The open season is available to retirees who were not enrolled in SBP or Reserve Component Survivor Benefit Plan (RCSBP) as of Dec. 22, 2022, and wish to enroll, and to those who were enrolled in such plans as of that date but want to discontinue coverage. No other plan changes or updates are part of open season.
Survivors of SBP recipients receive 55% of whatever “base amount” of pay is chosen. The Buy-In Premium includes 6.5% of that amount, along with adjustments added to preserve the actuarial soundness of the Military Retiree Fund. This figure differs based on the number of months since retirement.
For example, someone who retired in June 2018 and wanted to enroll would have a buy-in factor of 57.25. If they wanted to cover their entire retired monthly pay of $4,750, the calculation for their buy-in premium would be: $4,750 x 6.5% x 57.25 = $17,675.94.
Going forward, the monthly SBP premium would be $308.75 ($4,750 x 6.5%). A survivor would get $2,612.50 per month, which is equal to 55% of the base amount.
Updated Application Process
When open season began, applicants were asked to request a cost estimate for their specific SBP request from DFAS via a Letter of Intent, which would allow the service to calculate their premium. That request was supposed to take about a month to process, but DFAS later updated their website to say no further letters could be accepted after Nov. 13, and that those received after Nov. 1 may not be answered prior to the enrollment deadline.
Instead of submitting the letter, retirees interested in SBP enrollment must submit an enrollment form and choose a payment method for their Buy-In Premium – a lump sum, 12 equal monthly payments, or a combination of the two – before Jan. 1. Applicants will receive enrollment confirmation from DFAS, along with instructions on how to submit payments, and have 30 days from the date of enrollment to cancel. The cancellation must be in writing and must be received by DFAS within the 30-day window.

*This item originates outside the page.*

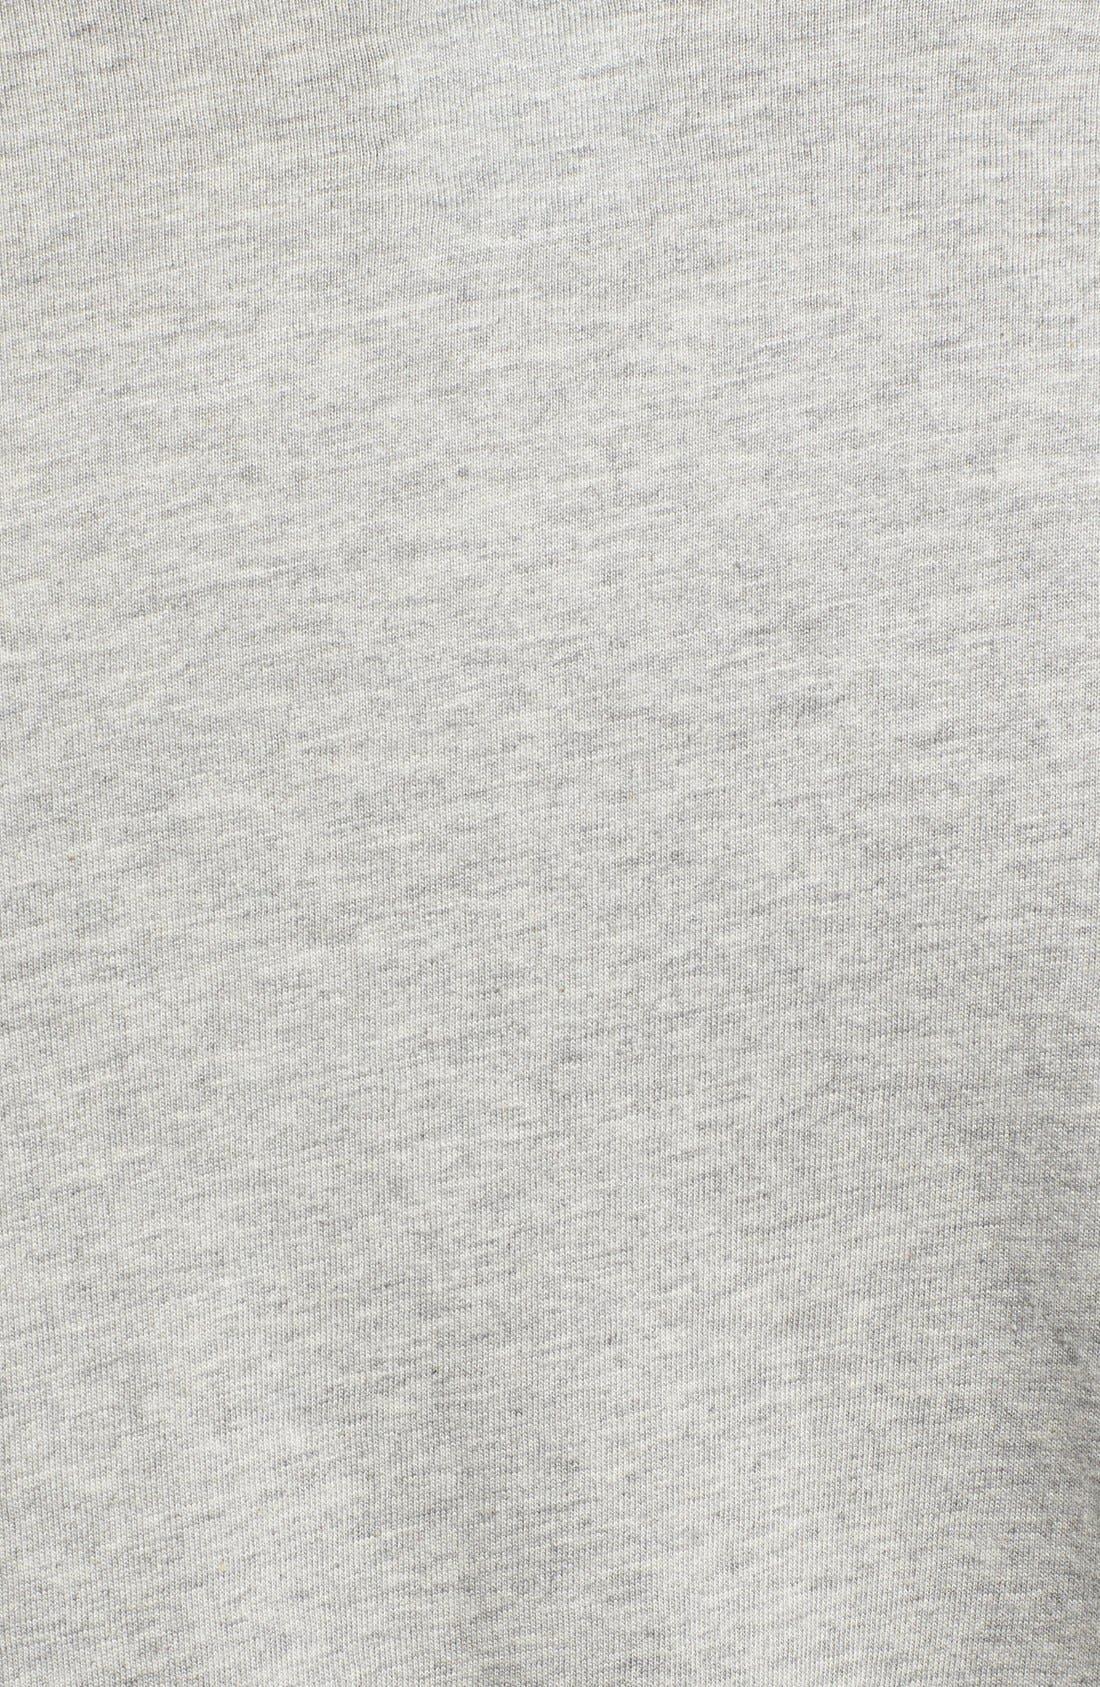 Crewneck T-Shirt,                             Alternate thumbnail 3, color,                             ANDOVER HEATHER

The update does not affect deadlines for those seeking to discontinue SBP coverage, which involves only the submission of a discontinuance form to the proper pay agency. While the forms can be submitted by mail, you can also fax materials to DFAS (800-469-6559) or use the askDFAS online upload tool.
The Coast Guard’s Pay and Personnel Center, which processes retiree and survivor payments for the commissioned corps of both the U.S. Public Health Service and NOAA, has a similar enrollment process and has not updated its online guidance. Currently serving Guard and Reserve members should contact their branch of service for information.